French inflation rose by 2.7 percent, up from the 1.9 percent increase in August. That’s slightly less than the expected average forecast of 2.8 percent in a Reuters poll of 24 economists’ expectations, but is still its highest rate since December 2011.
INSEE said its EU-harmonized consumer prices index fell 0.2 percent from August, signaling a 12-month inflation rate of 2.7 percent, up from 2.4 percent in August.
The increase was driven in part by an acceleration in prices of services, which rose 1.5 percent versus 0.7 percent in August, and energy, which increased 14.4 percent versus 12.7 percent a month earlier.
Surging energy places are currently playing out across the globe, with several European countries facing soaring energy bills as gas prices have risen more than 35 percent in the past month amid lower supplies and a surge in demand as pandemic-hit economies around the world reopen.
In Europe, supply levels are 16 percent below the five-year average, a record low for this time of year.
The situation has prompted fears that there’s simply not enough gas stored up for the winter in the event of particularly cold temperatures in the Northern Hemisphere.
ECB President Christine Lagarde said on Sept. 28 that Europe’s current spike in inflation levels is only temporary and won’t lead the European Central Bank to “overreact” by withdrawing stimulus or raising interest rates.

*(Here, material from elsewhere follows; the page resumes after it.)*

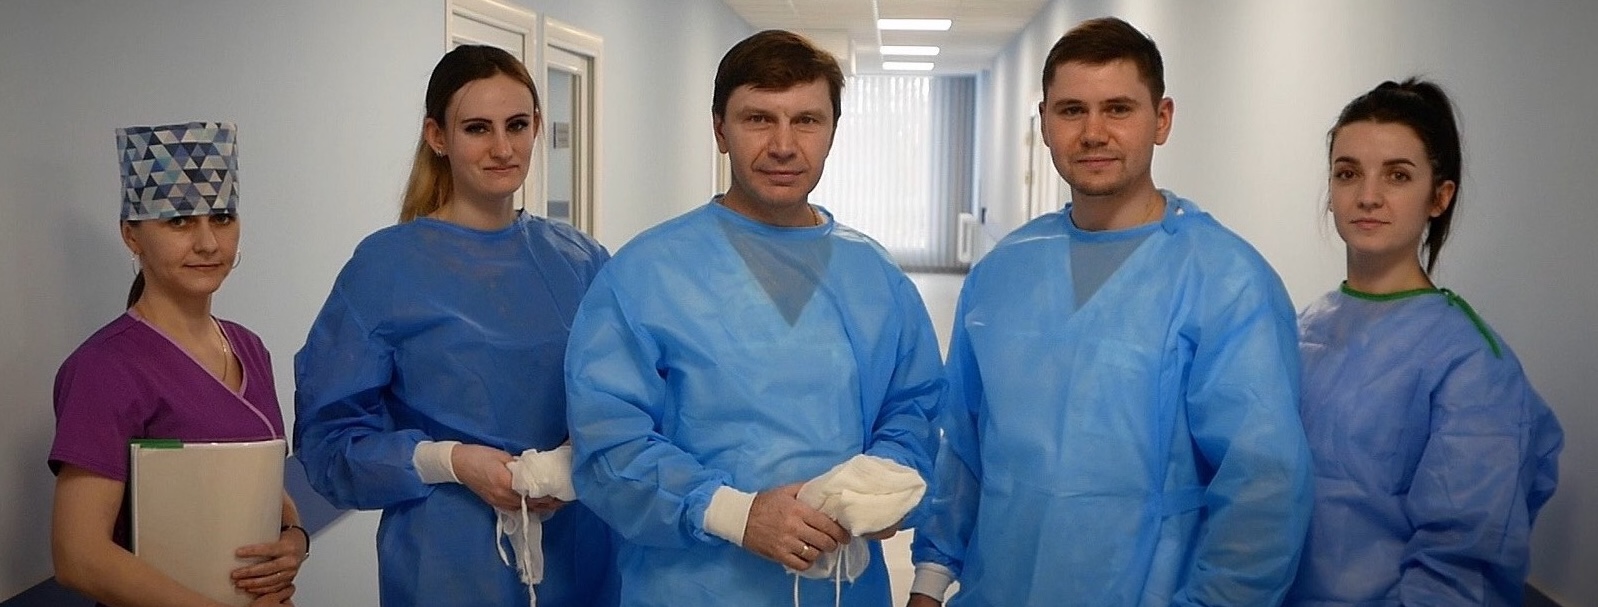 Group_Chernihiv Medical Center of Modern Oncology (kopie)

“The key challenge is to ensure that we do not overreact to transitory supply shocks that have no bearing on the medium term,” she said, adding that monetary policy also needs to keep “nurturing the positive demand forces that could durably lift inflation” toward the bank’s 2 percent goal.
Meanwhile, there’s a growing concern in the United States that the Federal Reserve will start cutting back on its monthly bond purchases as early as November, and will withdraw the extraordinary support it unleashed after the pandemic lockdowns paralyzed the economy.